Outside the sirens rise up
and home in. Now I’m upstairs
asleep, lost to this din,
but downstairs the Usuals
stake out a square
of linoleum, sit down and
Like the jailed I bet
they get the same damn thing.
They sip the rim. I bet
at this hour the donuts
lie face up, half
human. The walls are glass
there, so those guys can see
the fix they’re in: a block
of illegally parked cars,
laundries, liquor stores with
something for everyone who still
At a time like this who
drinks caffeine with cream
or black? They must have given
up. They must know
they won’t sleep again. I bet
when Macbeth set out
to kill it he thought, well,
here’s someplace to begin.
I may be asleep, but my insomniac
heart rides out to join up
with them, those late,
late bloomers at
The Donut Inn.
Source: In Danger (1999), published by The Roundhouse Press.

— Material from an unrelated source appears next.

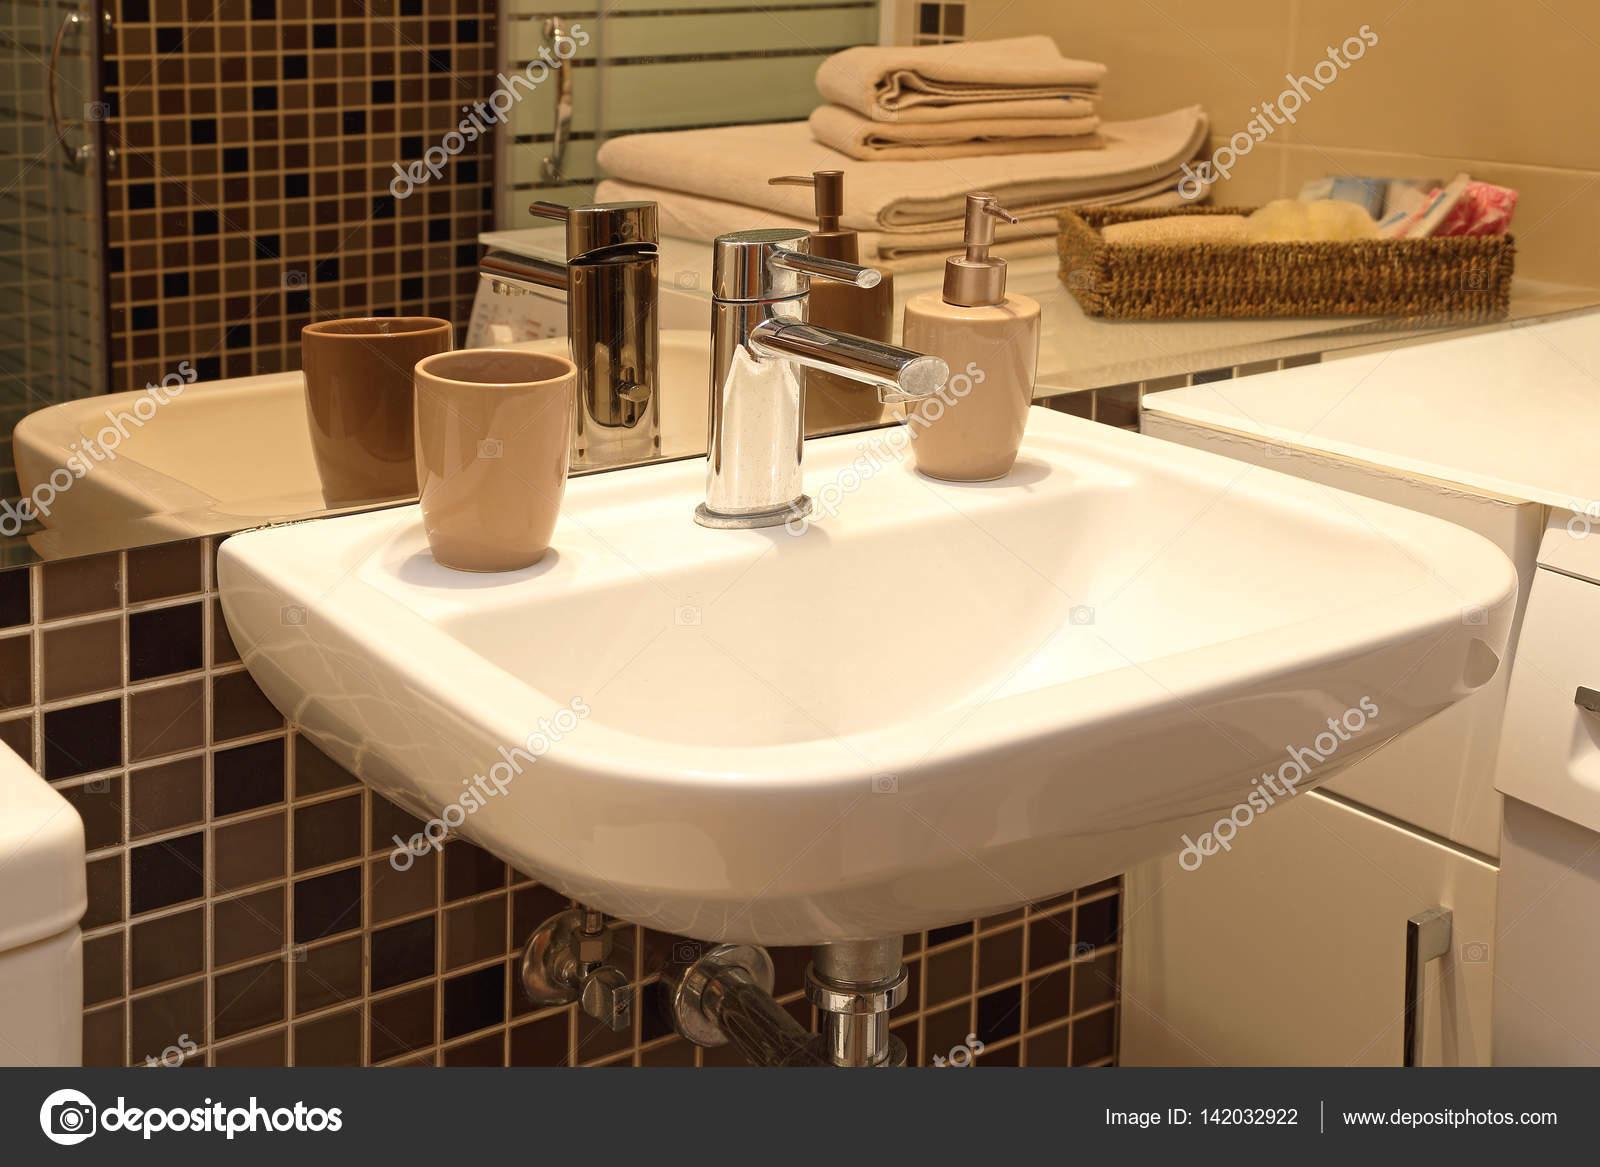 moderne badkamer wastafel — Stockfoto © Baloncici #142032922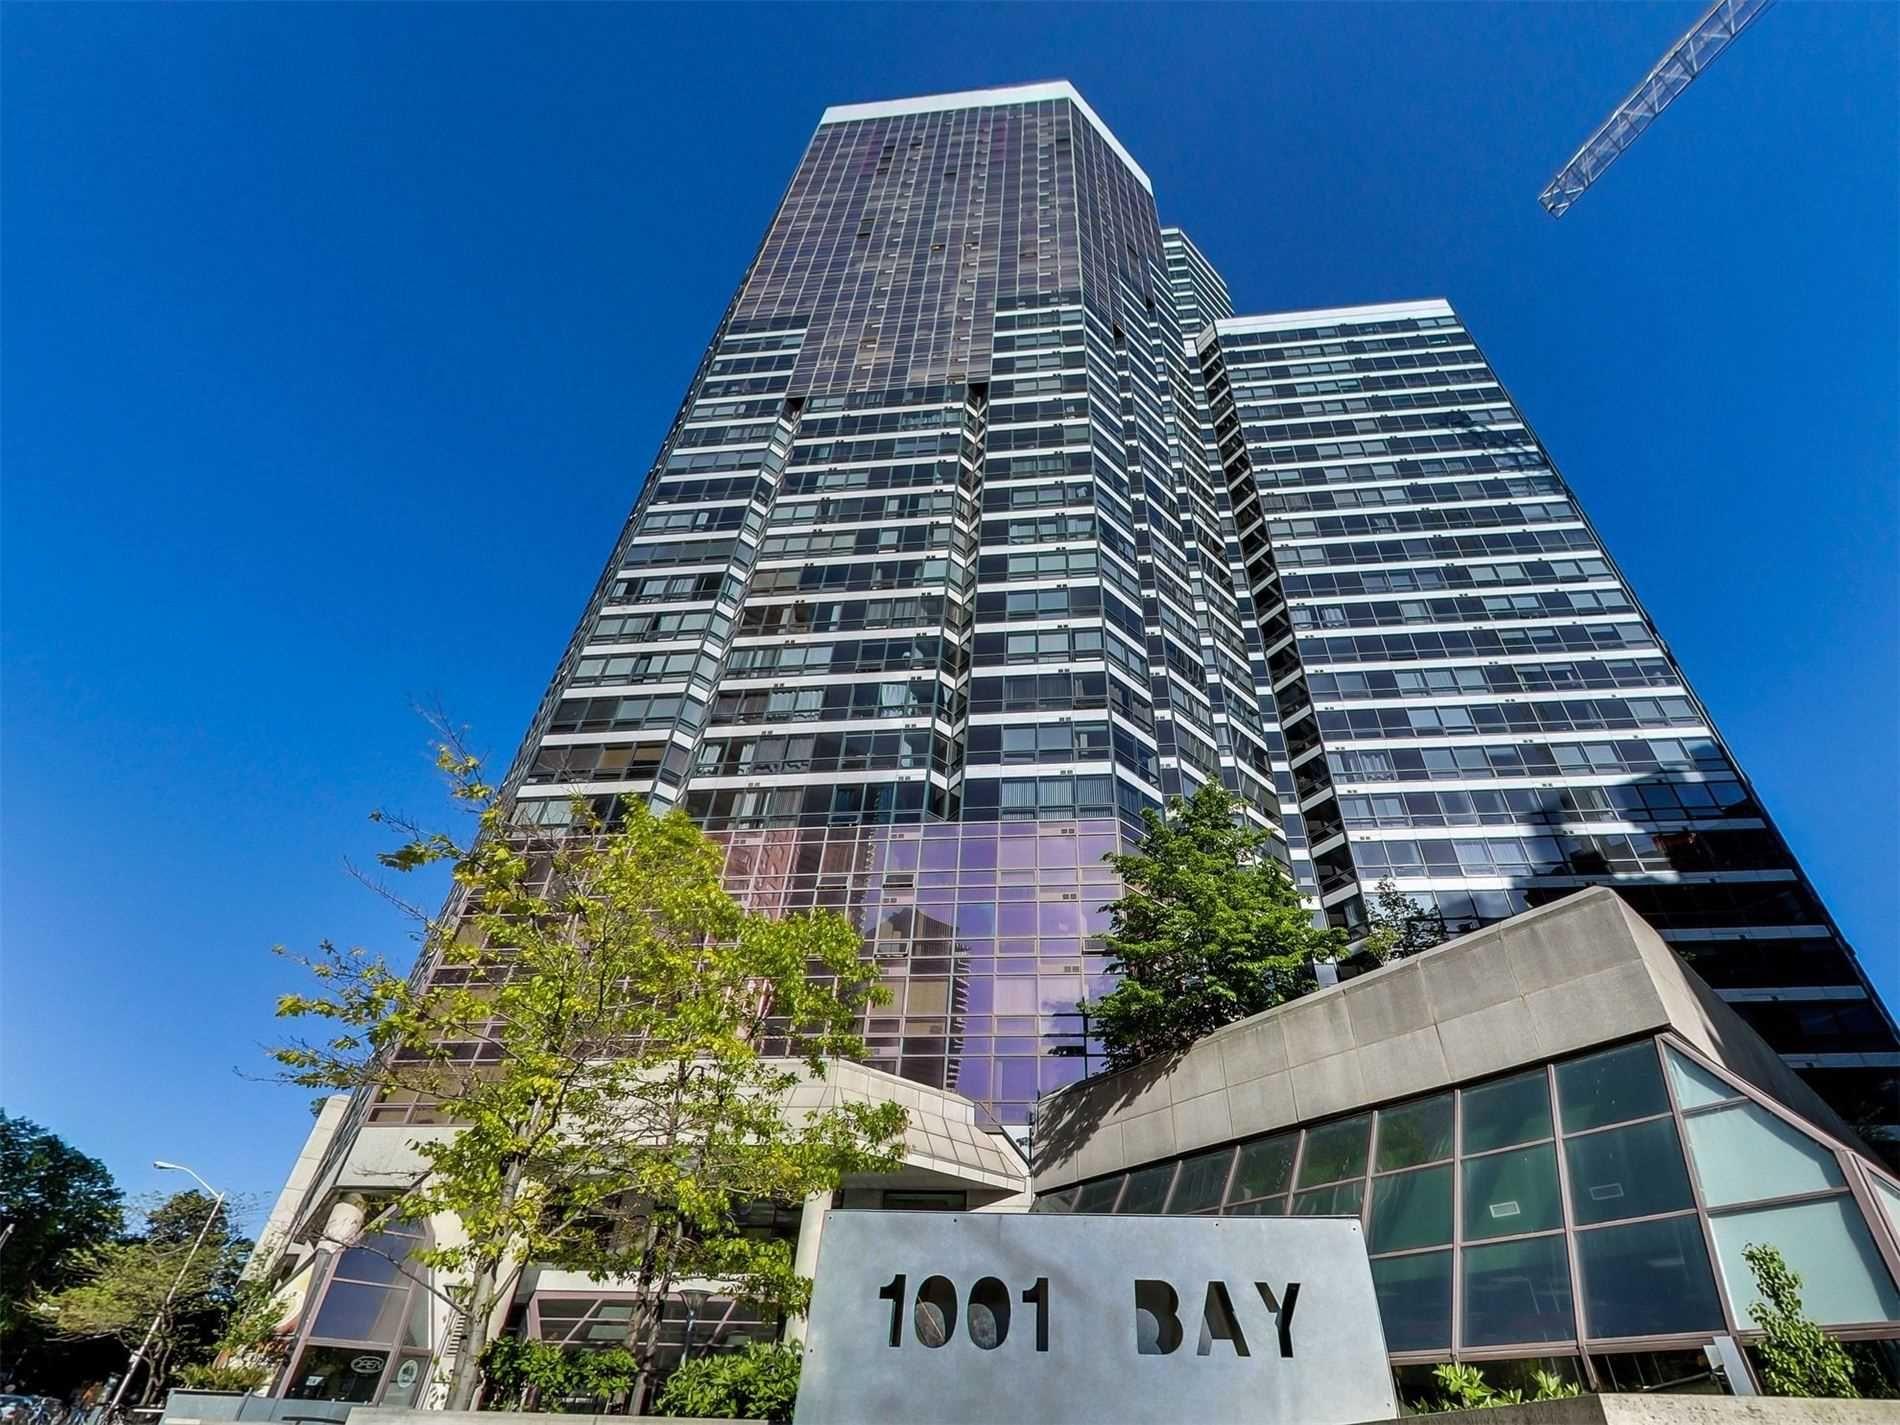 Main Photo: 813 1001 Bay Street in Toronto: Bay Street Corridor Condo for sale (Toronto C01)  : MLS®# C4706689

Suzanne Lummis is an executive board member of Beyond Baroque Literary Arts Center, the California correspondent for New Mexico’s Malpais Review, and a longtime award-winning teacher for the UCLA Extension Writers’ Program. Recent poems have appeared in The Rattling Wall, Hotel Amerika, and are forthcoming in Solo Novo and an important new literary magazine which will debut this fall, Miramar.
by Wanda Coleman
after the long day’s hustle, Papa returned
home waving fistfuls of Tootsie Rolls, wolfed down
his supper, changed from his suit into his long-sleeved
gray coveralls or blue cotton smock and slid out of
silky stockings and Italian leather loafers into white
cotton socks and well-scuffed All-American work shoes
for his night shift scrubbing and waxing corporation floors
we missed his loud full laughter
around the television and what company we had
wasn’t as interesting as the visitors
who came through when he hung around home
but we trusted Papa was doing his best
to become “healthy, wealthy and wise”
without shame over shameful wages—enough
indian head nickels to finance a scheme
(the men he worked graveyard with
always became buddies
and no matter whose car broke down,
there was always a ride to or from home
or a spot until pay day)
one night Mama had an emergency. she
bundled us into a cab and took us down to
the building and knocked on the glass until
Papa opened the door. he carried us inside where,
in jammies, robes, and slippers, we
curled up in blankets on a mahogany desk
in that giant office. then we watched Papa run
the long dustbroom across the black-and-white
squares of linoleum, our lids drooping to
a close as he rolled in a giant pail of
hot sudsy water and began to sling the
industrial mop, singing low Old Man River
at sunrise, we woke as he deposited us, one
child to a shoulder, onto the back seat
of the Pontiac for our dreamlike journey home
but first stop—sinkers, hot chocolate and smiles
Source: Bathwater Wine, published by Black Sparrow Books (1998)
Award-winning poet, essayist and fiction writer Wanda Coleman was born and raised in Watts. She’s written 15 books of poetry and fiction.